The lost boy of romantic pop is coming over for intimate shows that draw on his five-album back catalogue
Patrick Wolf has always delighted in zagging when he should zig. While he can write strident, big-hearted pop hooks that big-name producers could only hope for – download ‘Tristan’, ‘The City’ and ‘Accident & Emergency’ for compelling evidence – he’ll stymie his mainstream success by way of a Celtic harp, dulcimer or ukulele. And while he’s been known to flit around London in outfits Kate Bush and the Von Trapp family would baulk at, he’s more interested in living life like a literary romantic hero than being a style magazine pin-up. It’s pop music as heard on the moors, whipped away by the wind, tugging at the corners of your much-neglected imagination.
Album No. 5, Lupercalia, was revered by critics as being a celebration of life and love (how novel!), but now he’s keen to start anew – once he’s put out a retrospective reworking of his favourite bits of the past 10 years. Which, happily for us, he’s also bringing to Australia in an intimate live show. He’ll be joined on stage by one or two instrument-swapping musicians and will be projecting old footage and home videos from his childhood.

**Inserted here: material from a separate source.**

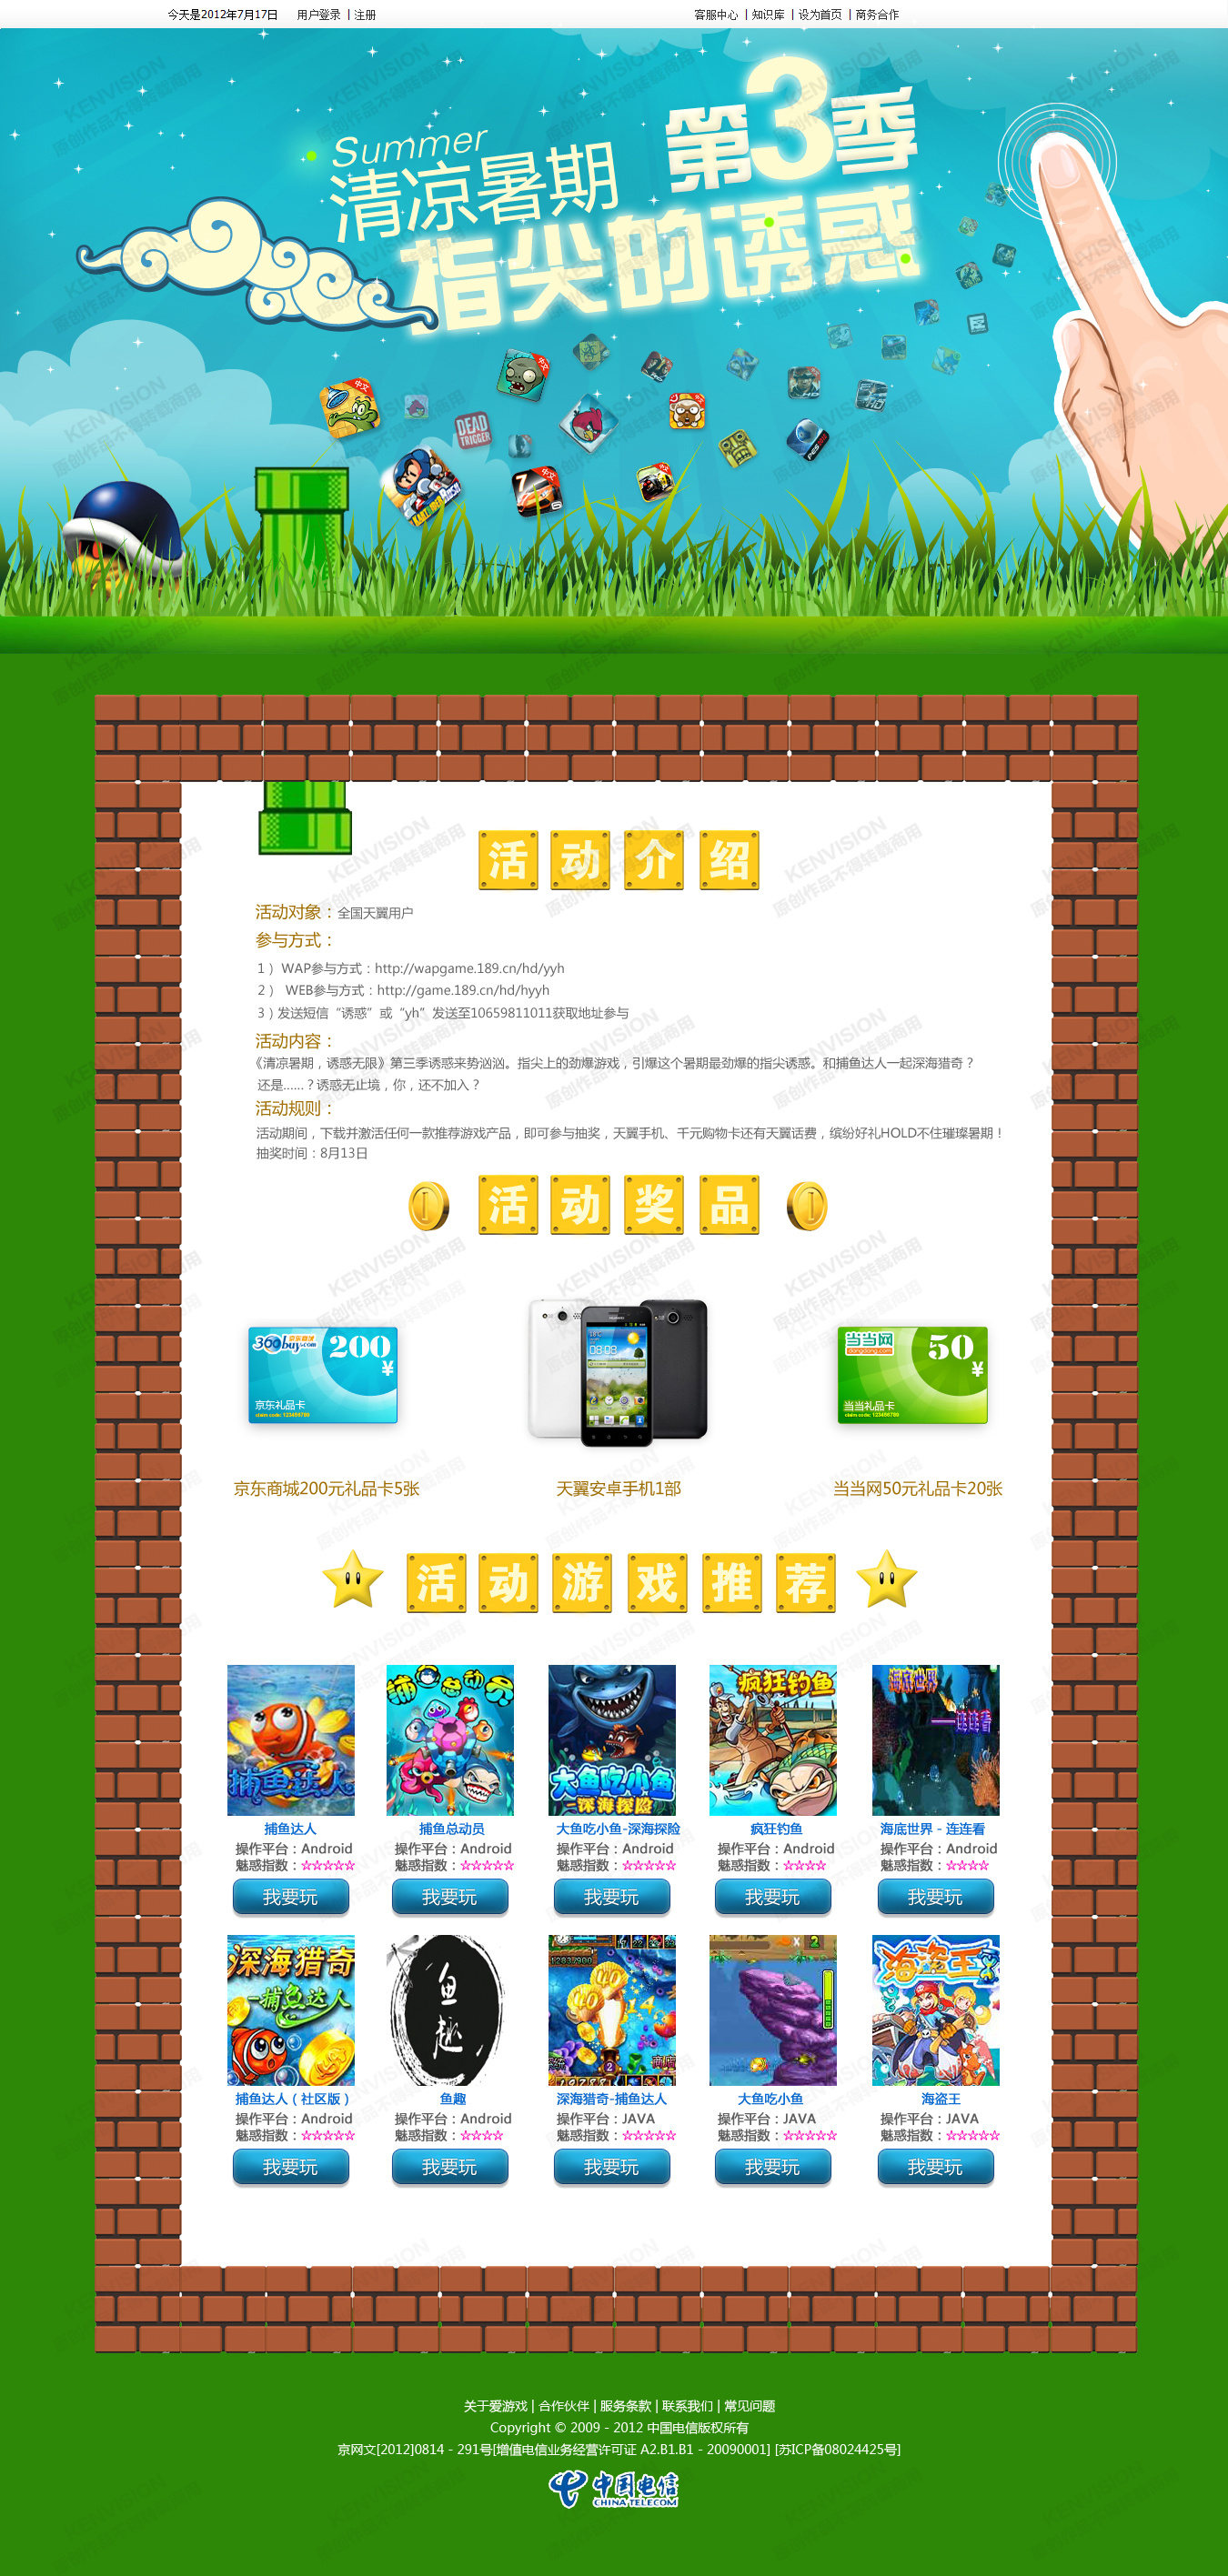 中国电信爱游戏APP软件推荐营销活动

It’s his “jubilee”, he says.
“In terms of finances it’s very hard to get to Australia,” Wolf explains down the line from the recording studio. “Taking the last tour over would have meant 90 people on a tour bus, which for an independent artist like myself is impossible. So this tour is perfect. I can come over and be a communicator and get back to my roots.”
Inspiration for the retrospective album, he adds winningly, actually comes from a 2007 Sydney show that transported him back to a sweeter time. “It was kind of a break in the middle of a really big tour that was very premeditated by management. I had this little break to do a show in Sydney and it was so beautiful. I had this moment where I was able to just be like I was when I was 17, playing piano in a café in Burlington Square. I felt really free, liberated, so I think this is going to be a great tour for me. I’m doing one London show and then coming straight to Australia.”

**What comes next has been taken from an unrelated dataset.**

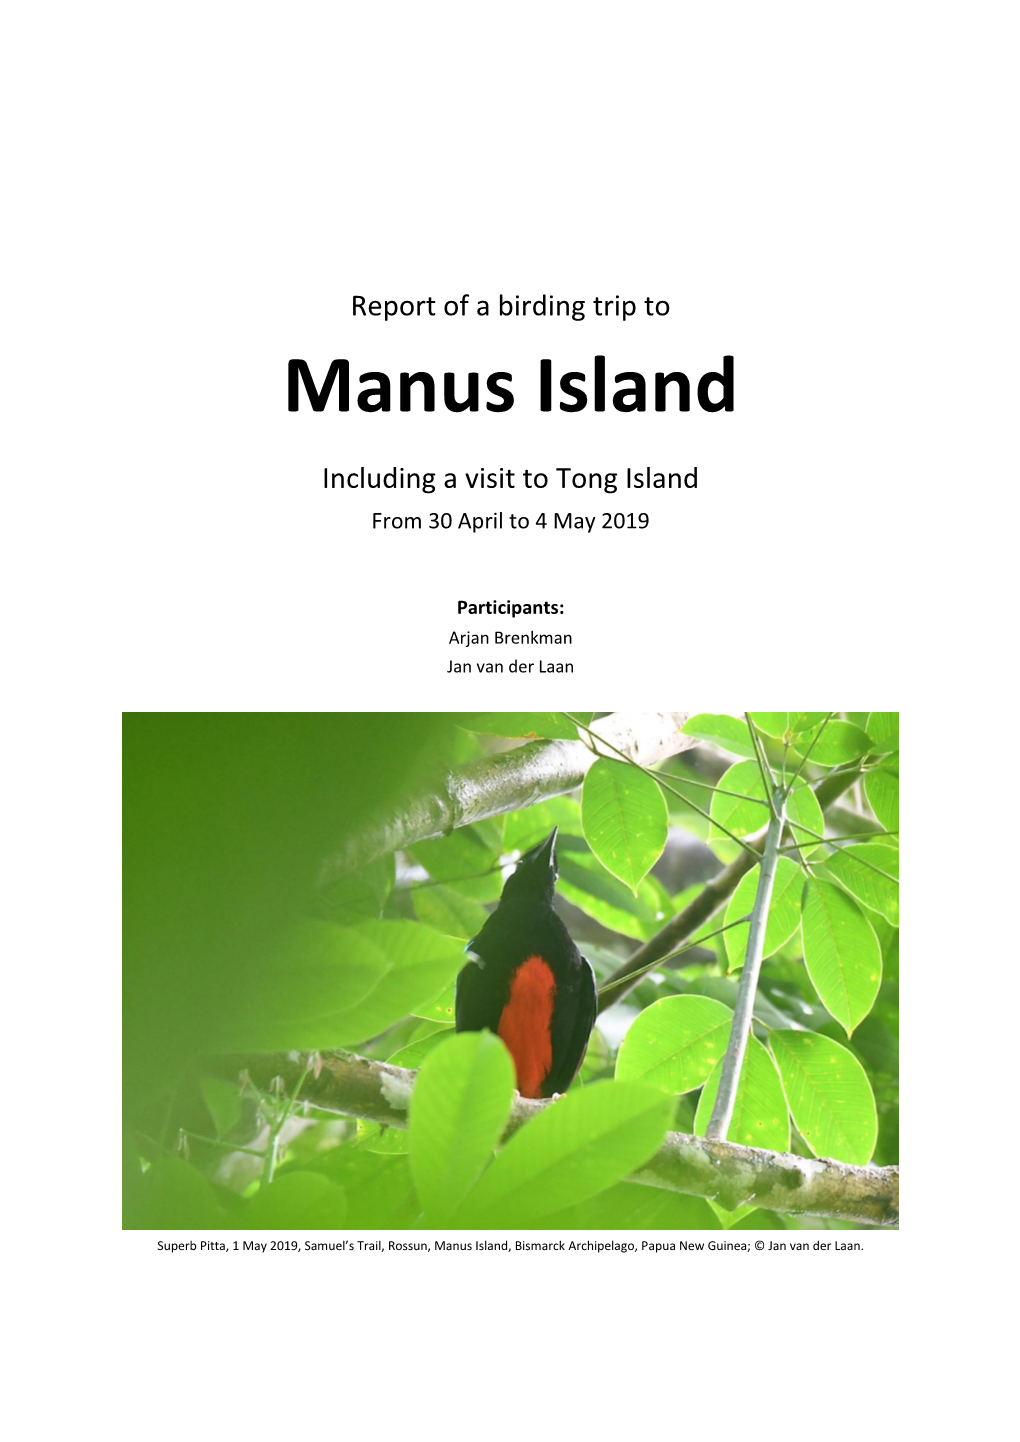 Manus Island

While Melbourne holds good memories for Wolf – including a visit to Healesville Sanctuary to get cuddly with the local flora and fauna – it’s Perth he’s looking forward to most, thanks to the tough lessons the city taught him last time.

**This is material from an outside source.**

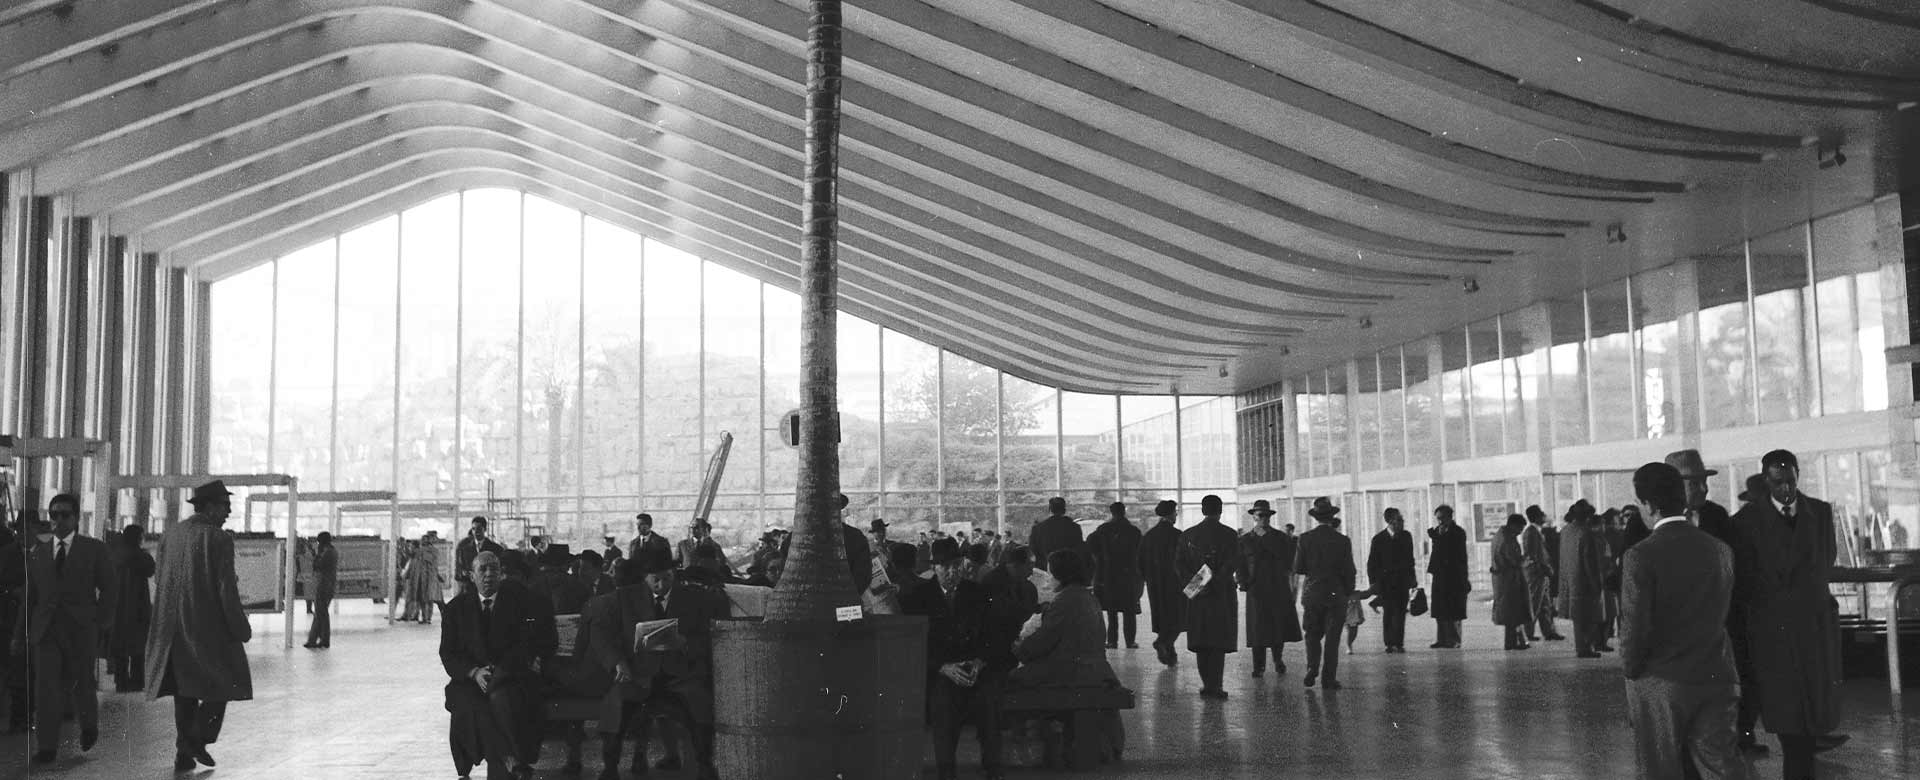 Immagine del 1959 dell'atrio della biglietteria di Roma Termini

“I remember walking down the street and everyone shouting at me like, ‘You faggot!’” he says. “Back then I had red hair and kind of looked like a lady. I thought, ‘This is going to be an awful show.’ But I learn so much about myself on the road, and my lesson from Perth… hang on, let me take a deep breath. My lesson from Perth was that if somebody is giving you shit on the street and it’s a bad energy, then your audience is going to be amazing, because it's all the freaks and the outsiders, who will feel the same way as you.”
Incidentally, Wolf is planning to wear a shirt made out of a map of Queensland tablecloth that he picked up in an op shop, so if that offends you, be sure to bring along some Victorian paraphernalia.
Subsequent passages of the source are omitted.